2. aspirate the OPTI-MEM, DMEM SUPP, lipofectamine mix from the well

3. add 200-250ul of prewarmed trypsin EDTA to each well (do up-down-left-right shaking to distribute the liquid all over the well surface). 

3. Place the plate back into the incubator for 3 mins. 

→ Label 1.5 mL tubes for sample collection (1 tube per well, pool if needed post counting and viability measure).

1. After incubation, add 4x the volume of DMEM (800 µL - 1mL) to each well and gently spray the well with the media to remove as many cells as possible from the plate. 
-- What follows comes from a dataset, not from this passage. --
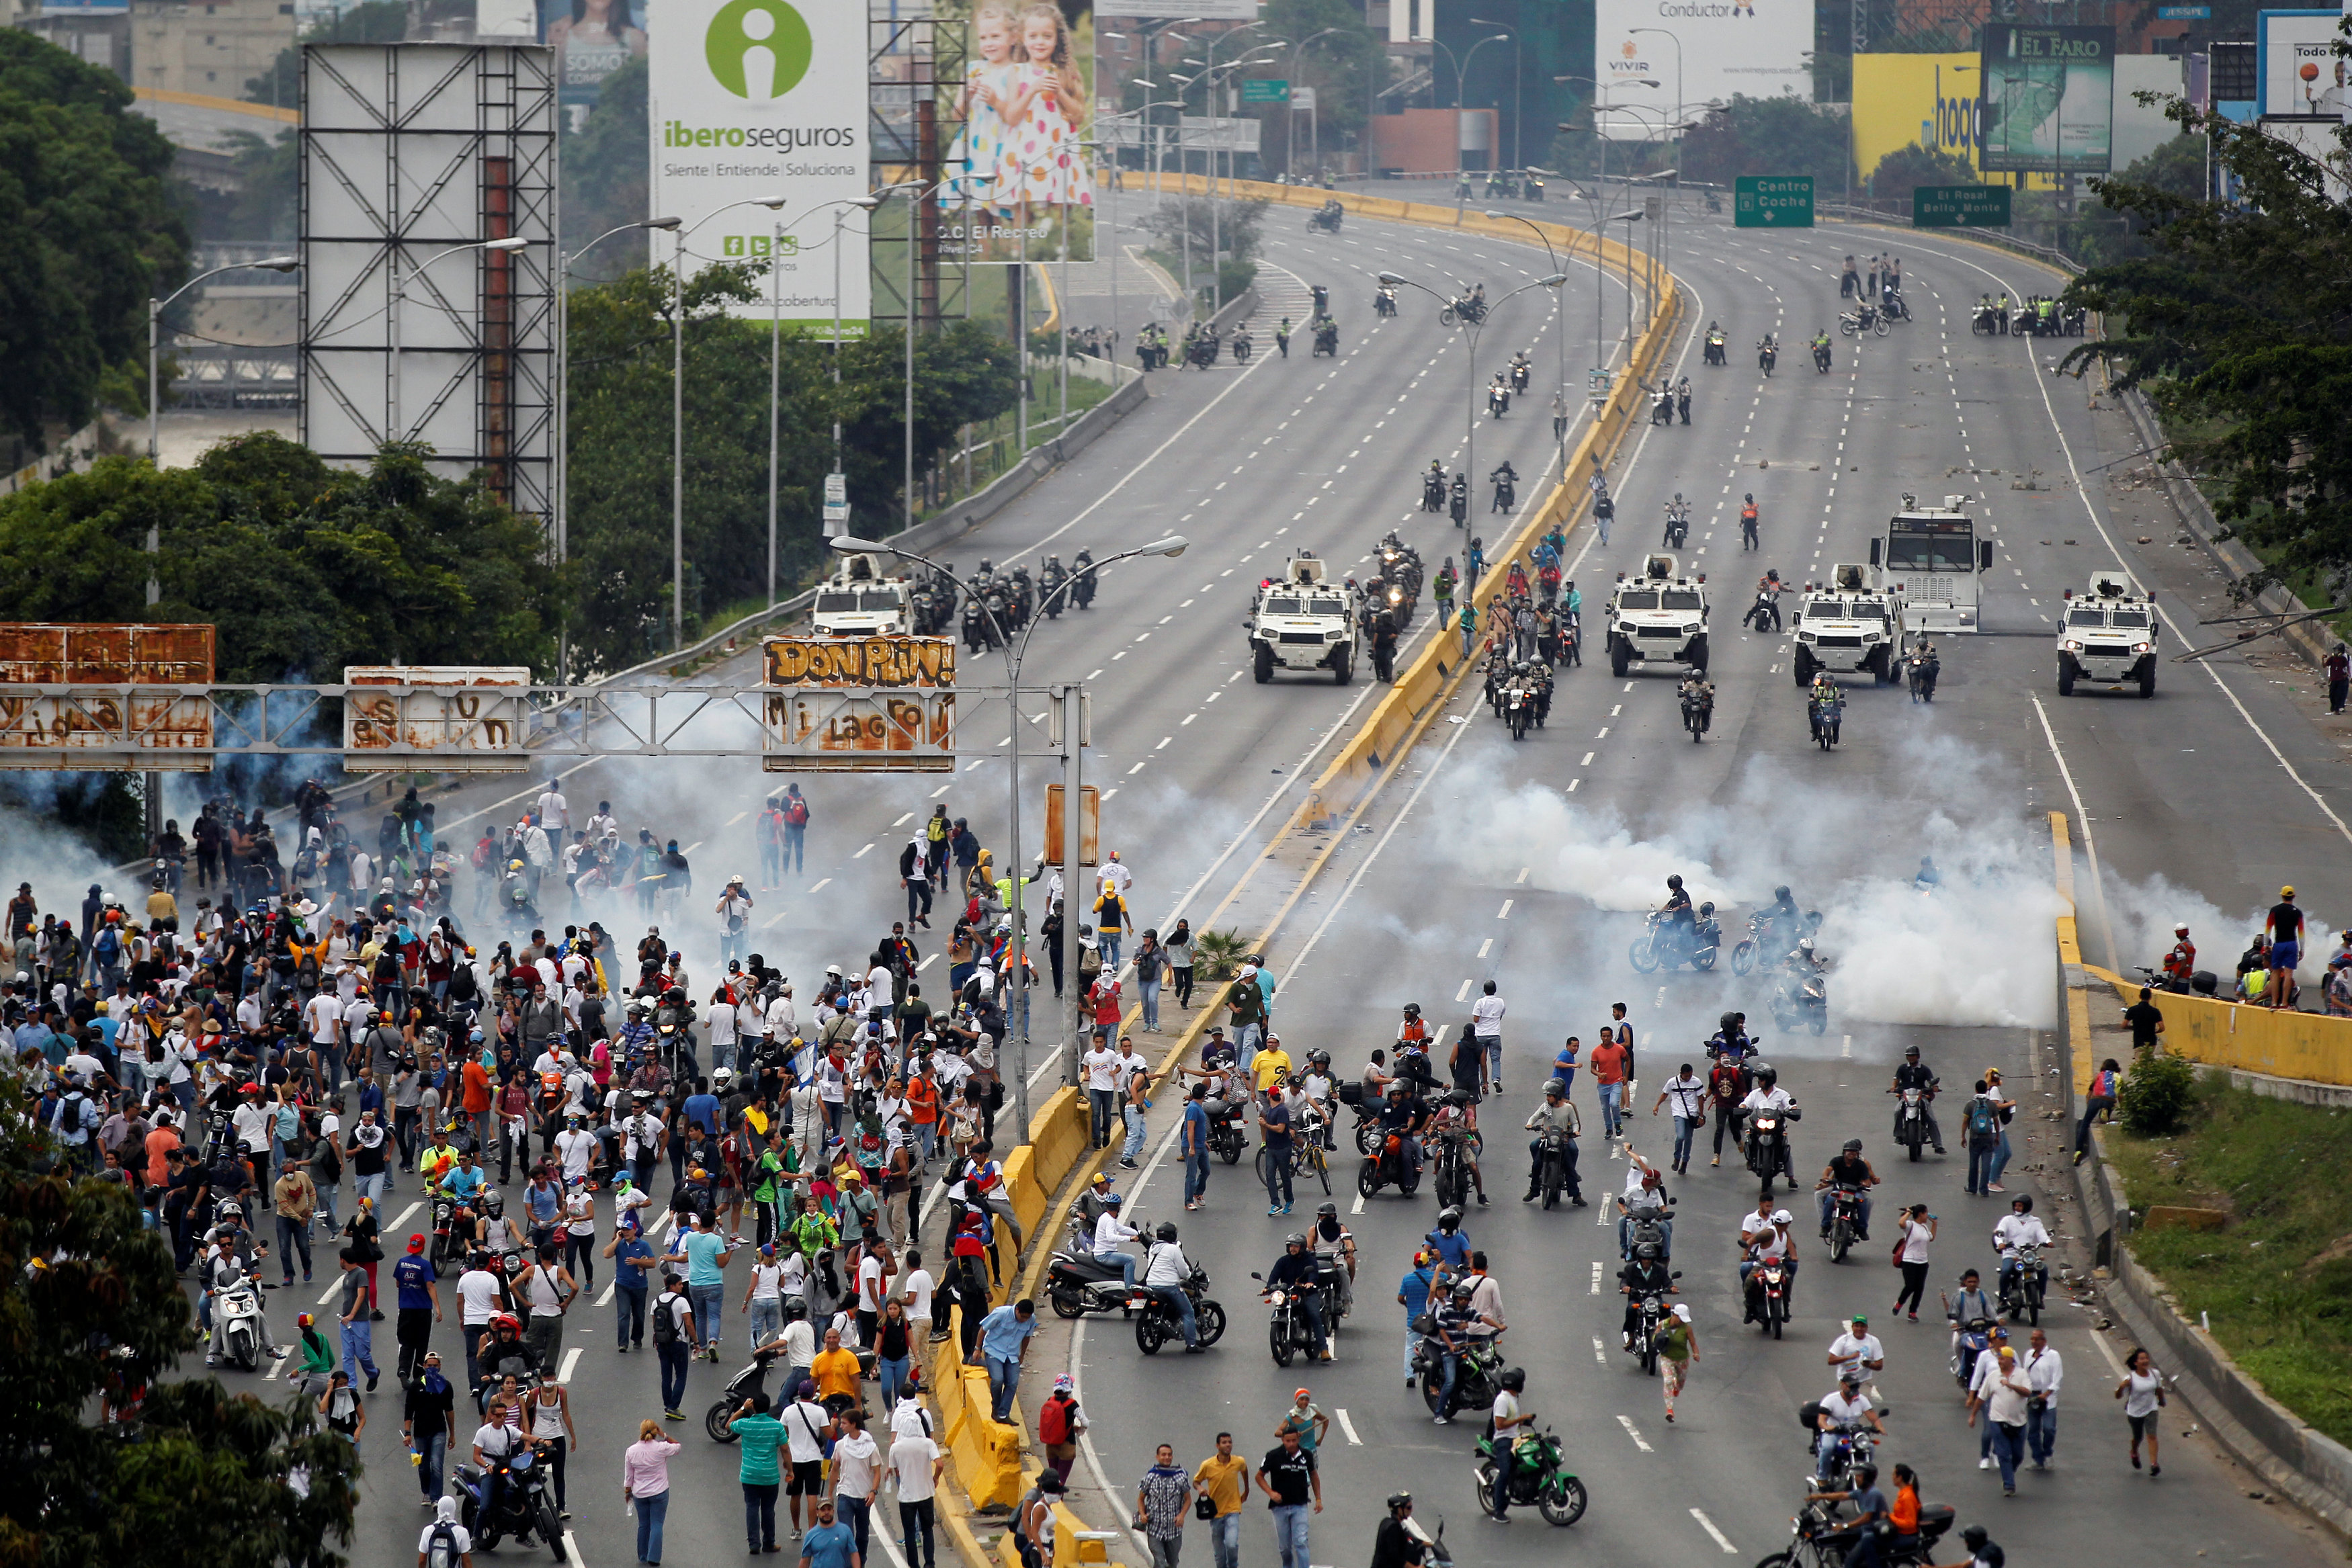 ¿Quién cederá? Chavismo y oposición apuestan al “desgaste” del rival
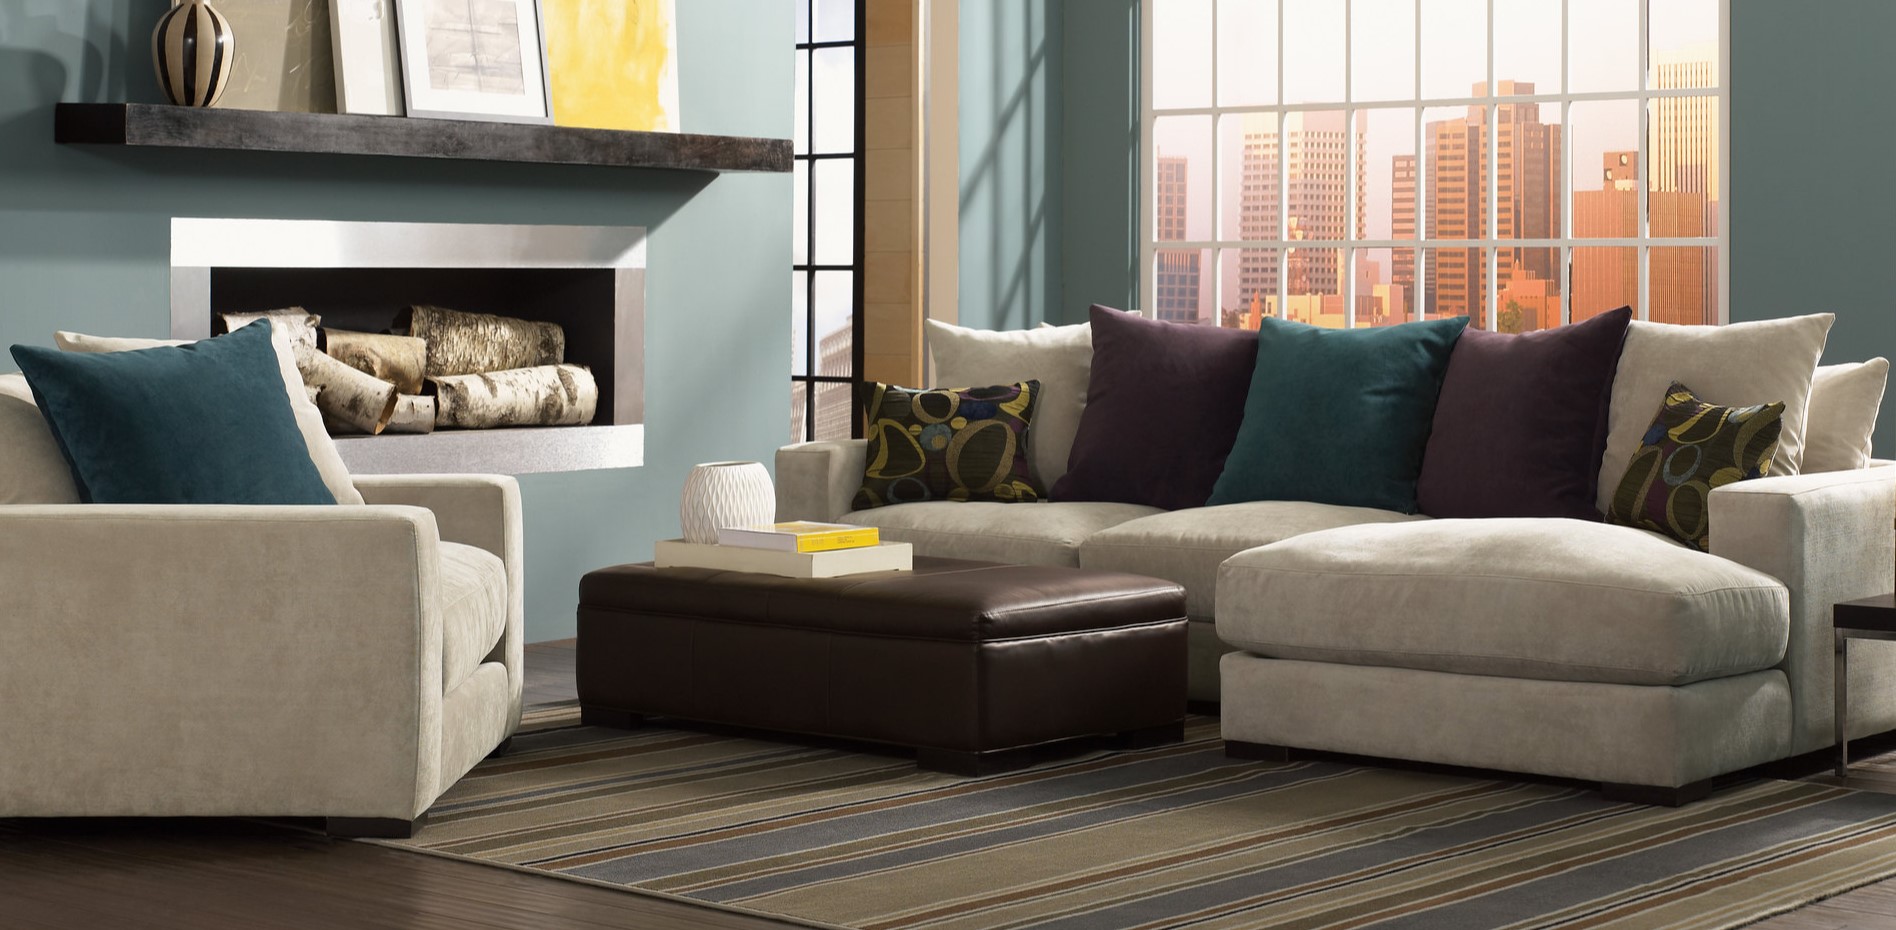 Под цвет и стиль дивана можно подобрать удобное кресло для гостиной

2. Move the ~1ml of DMEM/trypsin EDTA mix to the pre-labelled eppendorf tube. 

3. Spin the tubes at 300 RCF for 5 mins. 

4. Return to the TC hood and aspirate the supernatant, without disturbing the pellet.

5. Resuspend the pellets in 1ml of DMEM SUPP. 

6. Count cell: Mix 10ul of trypan blue with 10ul of resuspended cells (give tubes a shake/pipette to make sure cells have not settled back down) and load 10ul of this mix into a cell counting slide. Count cells on the countess and take as many cells as needed for your samples, pooling tubes from wells containing the same conditions if needed. 

For now: 250-500K cells per western sample (adjust volumes of other reagents as needed), use all other cells for RNA extraction for the Northern sample.